One day I woke up and realised how great a Scrambler would be. I’ve done a lot of off-road riding and still have a Honda CRF450X, but not used it for a few years. Part of the reason is a loss of interest in hauling it about through deep mud and over tall rocks and up impossibly steep rocky climbs - my knees can’t take it any more. But I still yearn for a bit of simple green-laneing, getting off the tarmac and into the countryside again. More of a dry summer’s day sort of pursuit and it occurred to me that a Scrambler might not only be fun on the road, but also provide me with the gentle off-roading that I desire. So off I went to Blade motorcycles in Reading (UK) for a test ride. Not only the Scrambler, but I also wanted to ride the Monster 1200S as a comparison and then a DVT MultiStrada to see what a difference DVT makes.

Blade were very accommodating and I first set off on the Scrambler, followed by the others in the order listed above, plus an 821 Monster at the end for a further comparison. Why, because I couldn’t believe how utterly horrid was the Monster 1200. I chose a route through some unpleasant town traffic then a bit of dual carriageway and some A and B roads on which I grew up learning to ride bikes. So familiar to me and also I rode the same lap for each bike. After a mile in traffic on the Monster, I hated it and couldn’t believe how dreadful it was, even in Urban mode. Sport mode was simply a waste of time in town with the engine bucking and banging. Once in the open on flowing roads, it began to make sense again, as I remembered from previous tests (which obviously didn’t include any heavy traffic).
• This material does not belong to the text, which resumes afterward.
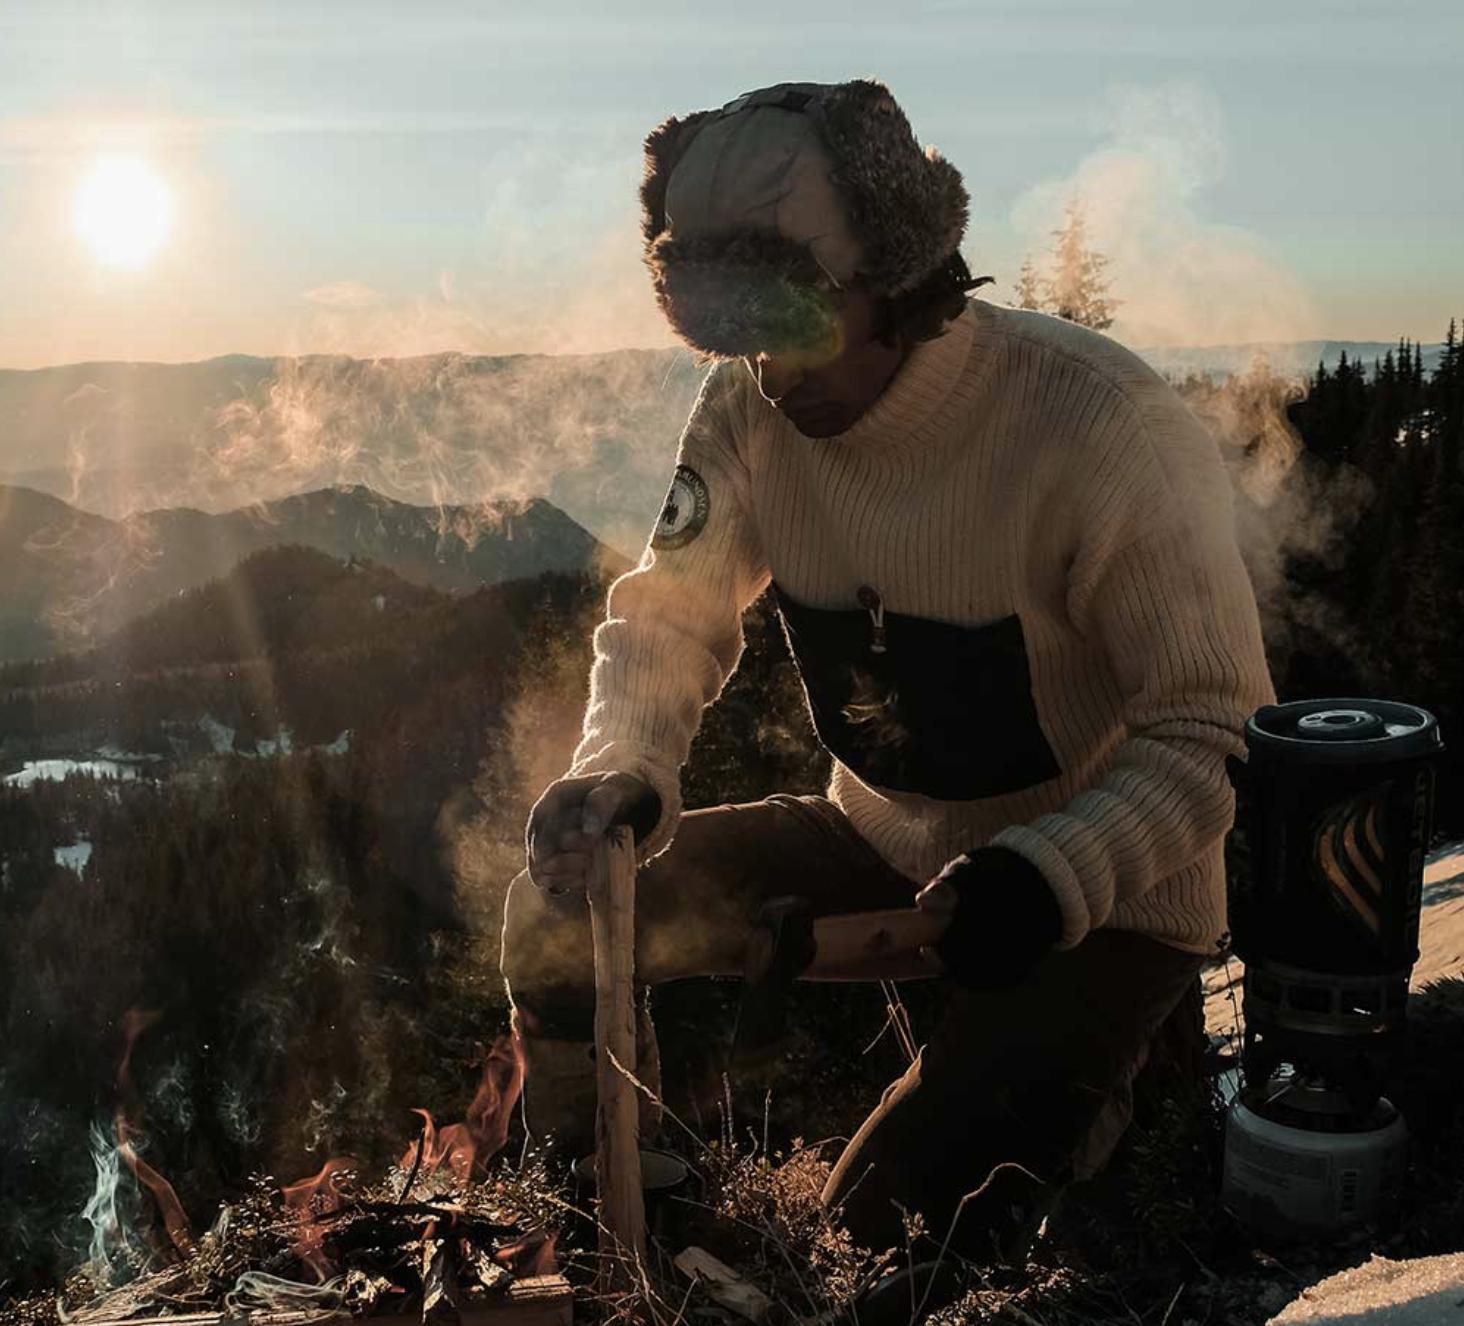 Bilde av Amundsen Heroes turtle neck mens MSW06.1.610

But that’s not enough, A bike has to be able to cope with some traffic even if it’s not an urban commuter and I found constantly having to switch engine modes became an extremely irritating, but necessary chore. KTM have done a far better job with their Super Duke R 1290 whose engine is WAY more controllable than this, well, Monster is a good name. Horrible. I even tried the 821 Monster to see if that was better. No, not significantly. But…

The DVT MultiStrada has a delightful engine. Almost as smooth low down as the Scrambler, even at 30 mph in top, in SPORT mode. No need to mess with engine modes as the DVT system seems to eliminate the big V twin’s shortcomings. So when Ducati release a Monster 1200S with DVT engine, then I’ll consider it again, but until that time, no chance. Actually, having seen pictures of the new Diavel, add belt drive to my list of ‘must haves’ for a Monster. Oh and a gear position indicator - I don’t care what others may say, they’re great.
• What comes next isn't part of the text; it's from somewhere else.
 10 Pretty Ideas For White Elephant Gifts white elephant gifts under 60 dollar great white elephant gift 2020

However, ignoring my disappointment with the Monster, what about the Scrambler? Simply, completely and utterly delightful. I had the biggest smile on my face as I rode around those roads that I remember so well from when still on L plates (a 250 in those days) and subsequently as I built Tritons with Bonneville engines and ultimately had a Norton Commando that was far and away the best British bike I’d ever ridden because with its rubber mounted engine, it didn’t shake your fillings loose. But now, on this Ducati Scrambler I was riding a bike that was actually way better than even my rose tinted memories of those old bikes, yet with the same simplicity. No fancy engine modes to faff with yet always easy to ride and satisfyingly smooth at low speed. Not even water cooled, just plain honest biking and I absolutely loved it, finding little to fault. Which is odd because…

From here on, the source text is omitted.